Perer: SaaS lending is housed under your group. Can you talk about the legacy of that group and what makes it such a strong market leader?
Bans: At Wells Fargo, we have a long (20+ year) history lending to sponsor-backed software companies where we were an innovator for this kind of lending on a bank platform and laid the path for many other banks to follow. Given our history, we have an experienced team with a deep subject-matter expertise and lending experience through all cycles from hundreds of platform financings. Beyond sponsor-owned businesses, we have a broad reach within the non-sponsor software community through our commercial and corporate banking relationships. Today, we have a flexible financing solution, from traditional cash flow, to ARR, to unitranche and, geographically, we’re comfortable lending internationally, as we have a team based in London that we worked very closely with.
Perer: How would you characterize the current state of ABL market?
Bans: I think everyone in the industry has been seeing somewhat slow volume. I believe this is a reflection of i) higher rates, ii) the fact that most clients upsized or amended facilities during 2021 when inventory needs increased (commodities) or they were impacted by supply chain issues, and iii) low M&A volume which reflected instability (rates, EBITDA declining, inflation). We are also seeing incumbents leaning in to retain customers instead of being heavy handed.
We have seen more activity in the last month or two as market participants feel like there is more stability, with inflation more stable and rates declining. 2024 will be interesting!
Perer: How has the bank-ABL BDO job evolved over the past ten years and how will it evolve over the next 10 years?

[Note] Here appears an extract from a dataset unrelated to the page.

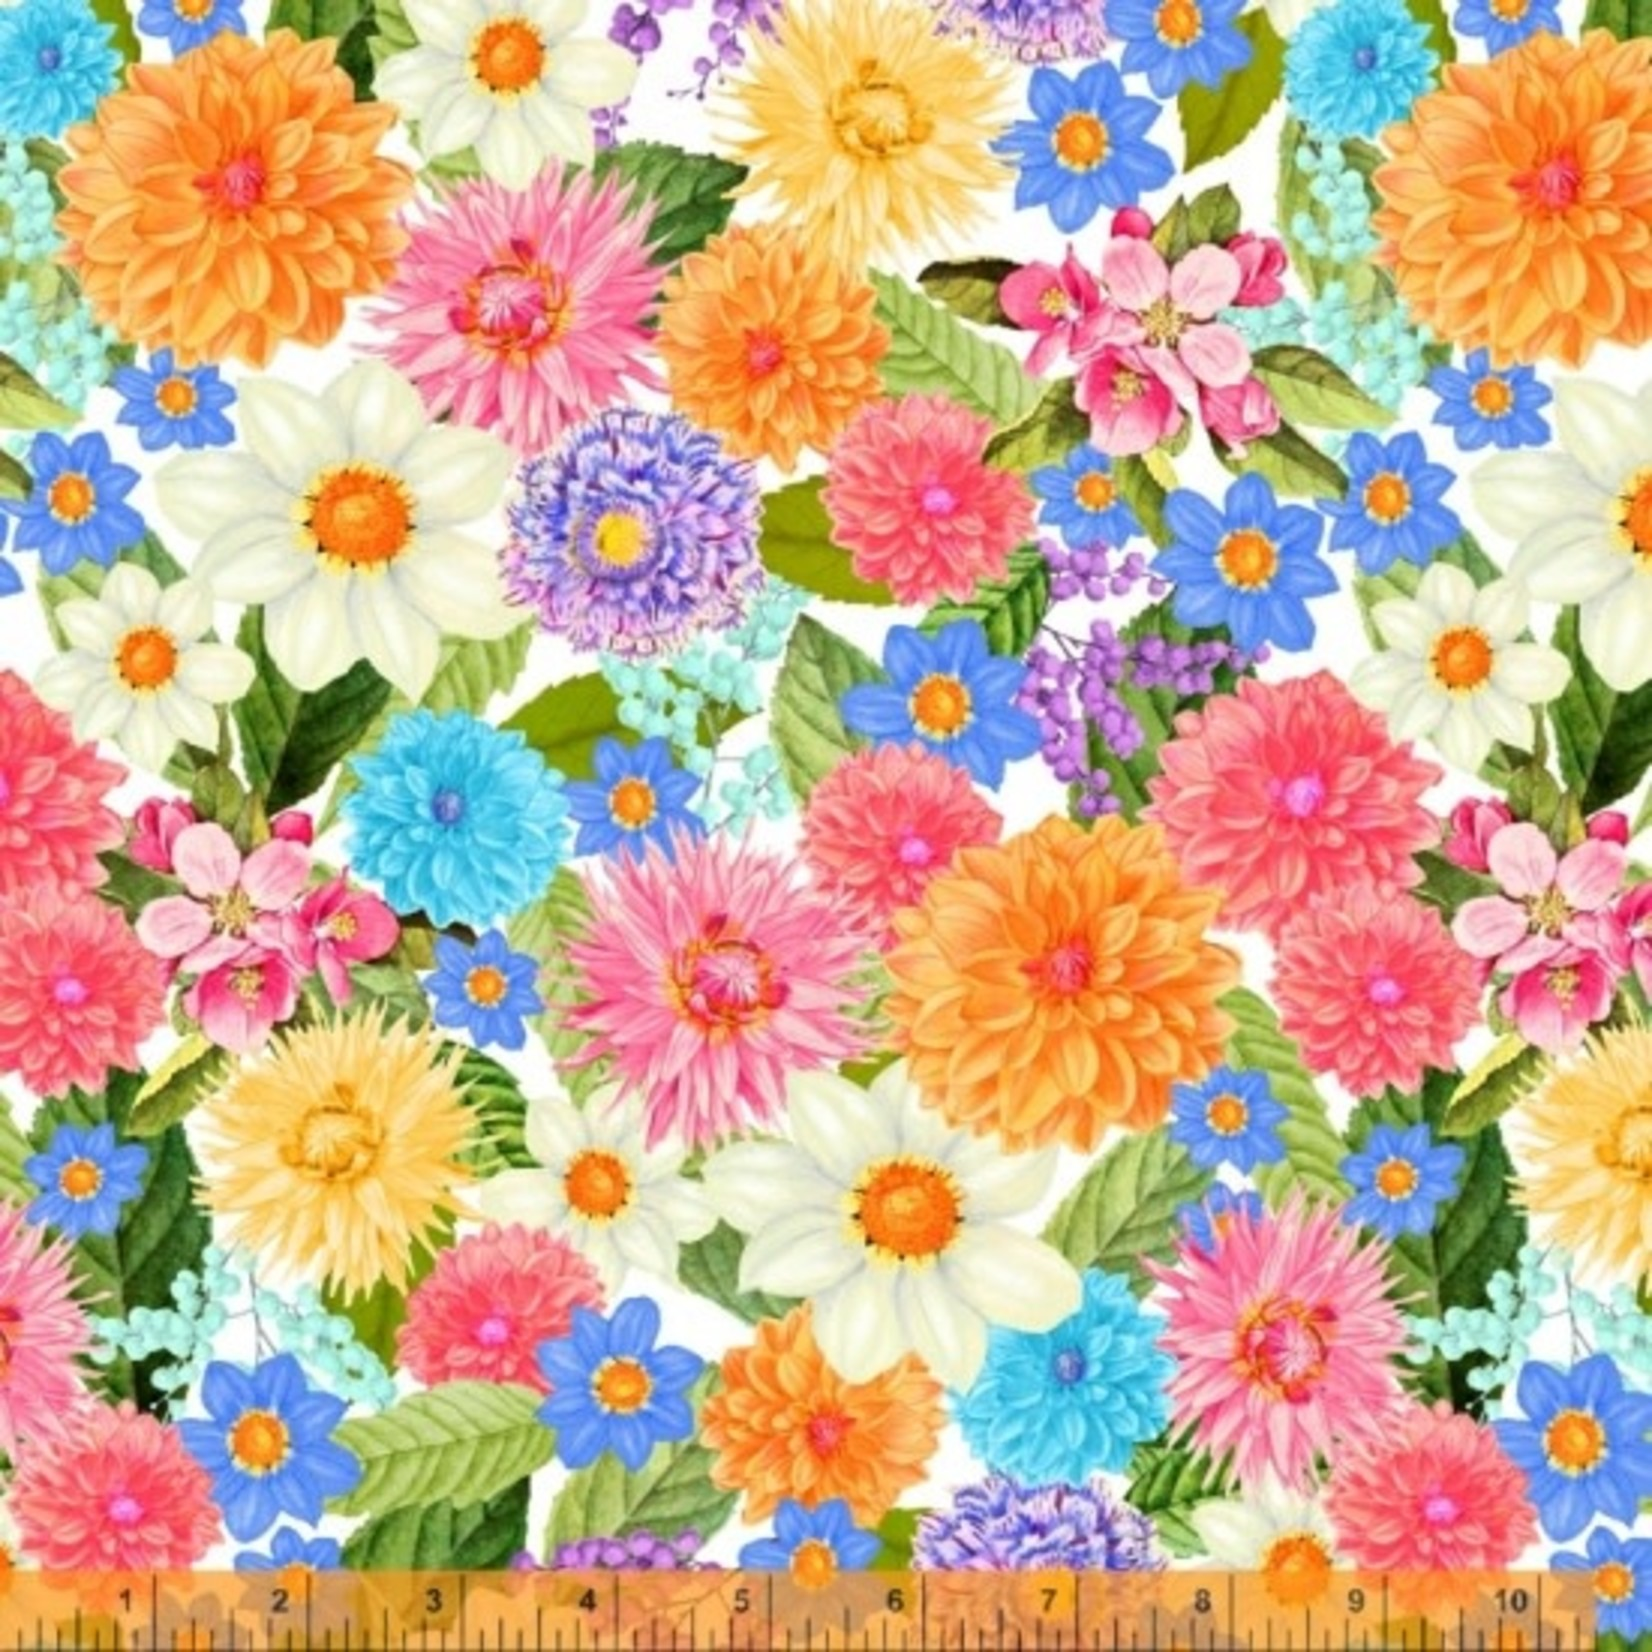 Windham Fabrics Flower Bed - Multi

Bans: The knowledge requirement for the ABL BDO/origination officer has increased significantly in the past 10 years. Aside from having a very experienced credit mind and confidently knowing what your institution can deliver, you need to understand and be able to speak intelligently about bank products such as treasury, cash flow lending, swaps, and many other products. While you are not expected to be an expert because we have them for each of our products, you want the customer to feel that you are knowledgeable of various financial solutions that could support their business.
Perer: How will this next economic cycle test the relationship between commercial banks and their ABL groups?

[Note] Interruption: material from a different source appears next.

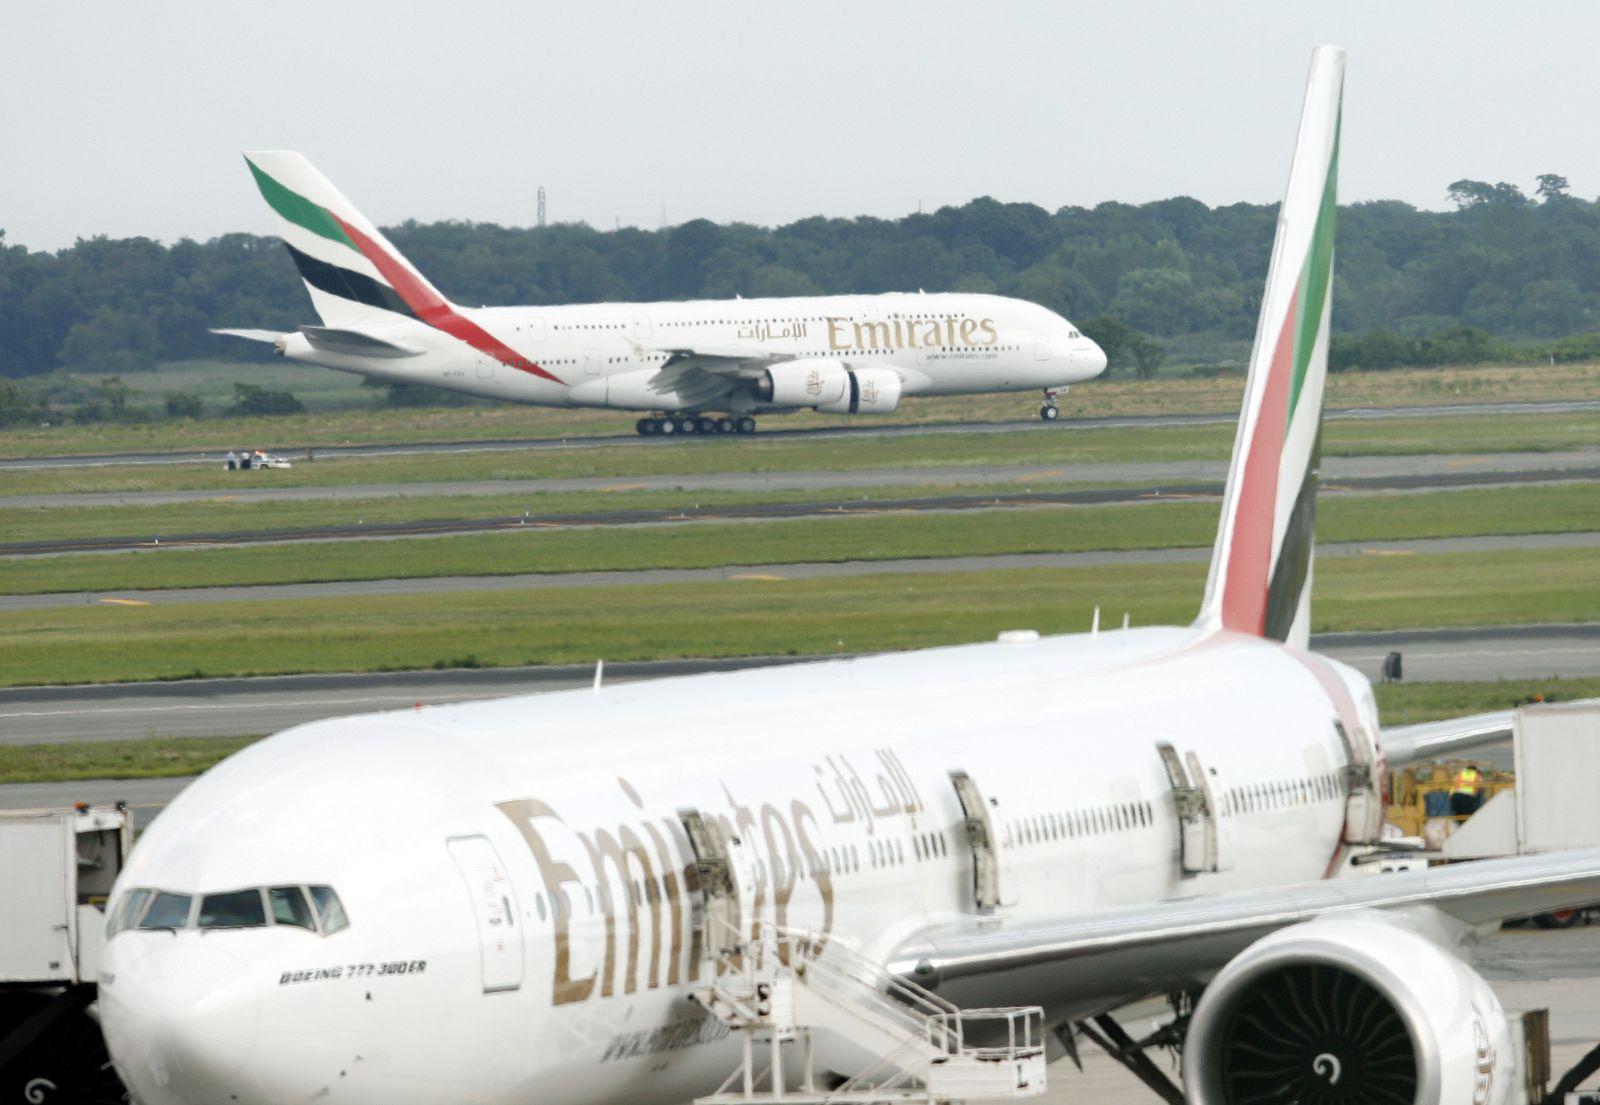 Emirates Airline / Flugzeuge

Bans: It really depends on how connected the groups are and, more importantly, the credit appetite of the ABL group. At Wells Fargo, we are part of the Commercial Bank so we have shared leadership to ensure we are all on the same page and best supporting each client.

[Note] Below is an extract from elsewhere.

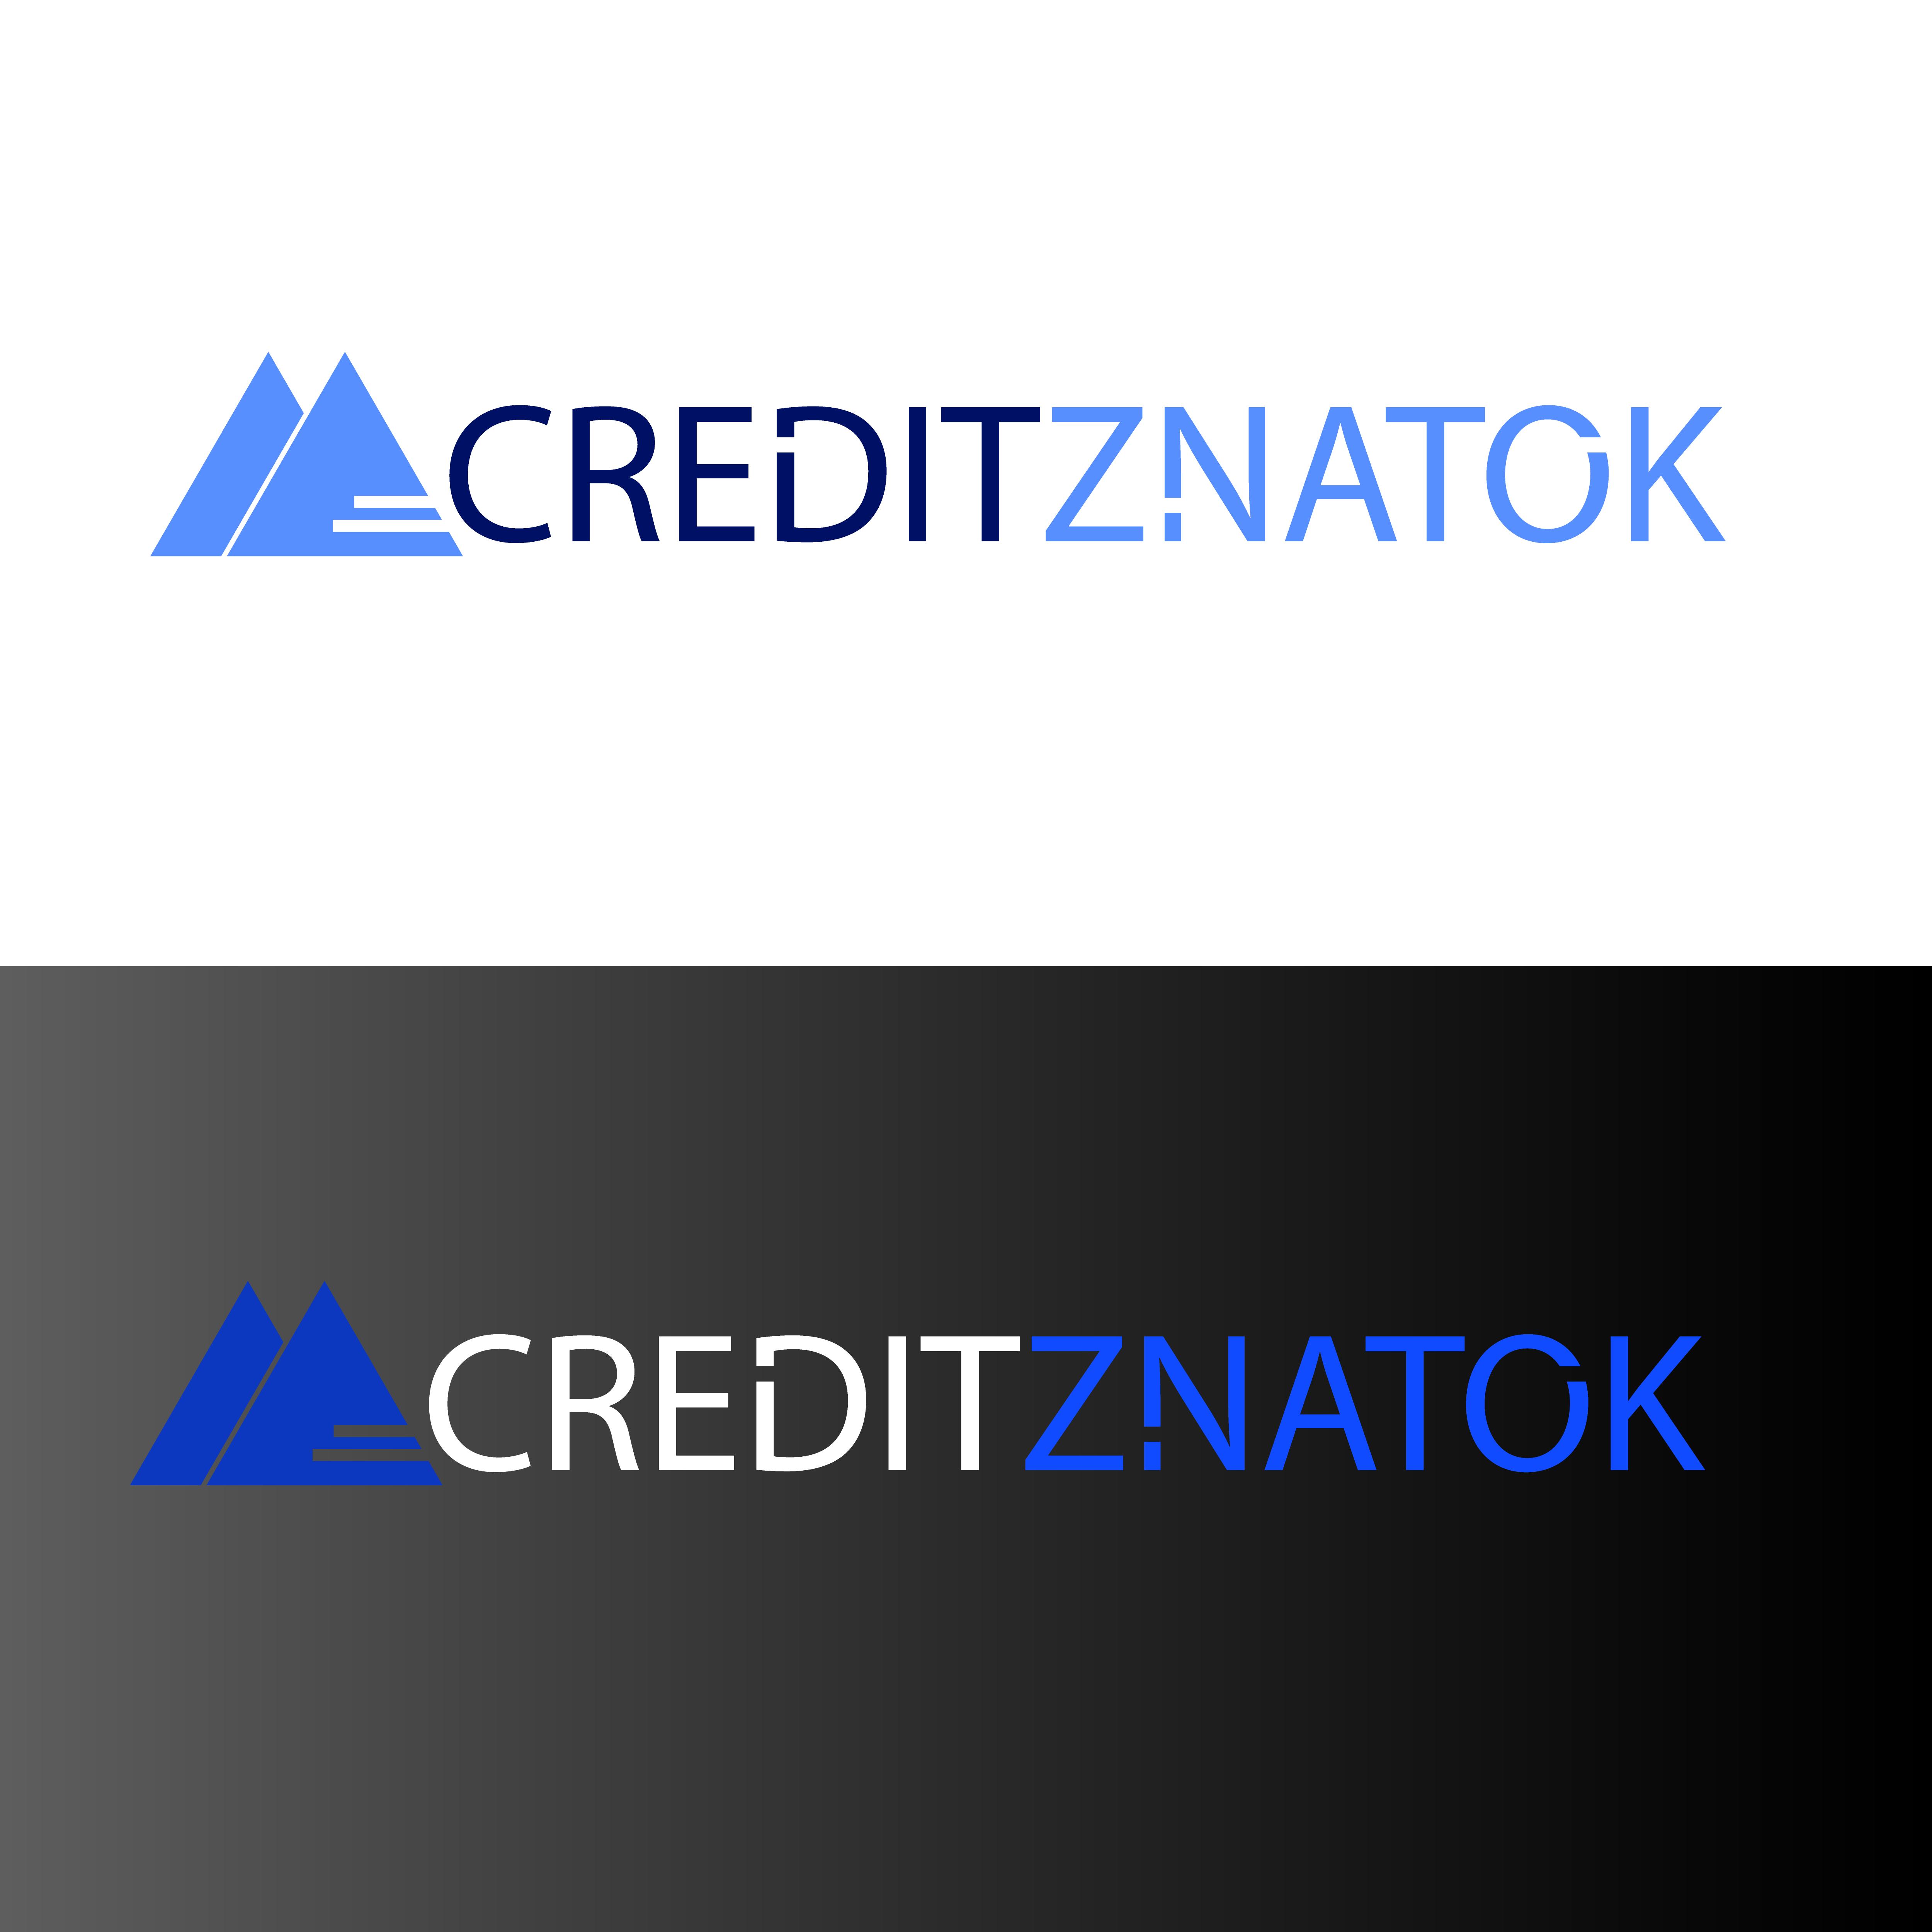 creditznatok.ru - логотип фото f_405589cc40515d1e.jpg

Perer: Lastly, tell us something you are worried about that the rest of the market has yet to figure out.
Bans: The things that worry me, I’m sure worry many people. Over the past few years, there has been so much uncertainty that you must consistently plan and prepare and be ready to adjust at a moment’s notice. It’s easy to be consumed by the things you can’t control. My philosophy is to always stay focused on what you can control and turn that worry into energy that can make a positive impact. Maybe it’s the optimist in me, but I’m more excited about 2024 and beyond than I am worried!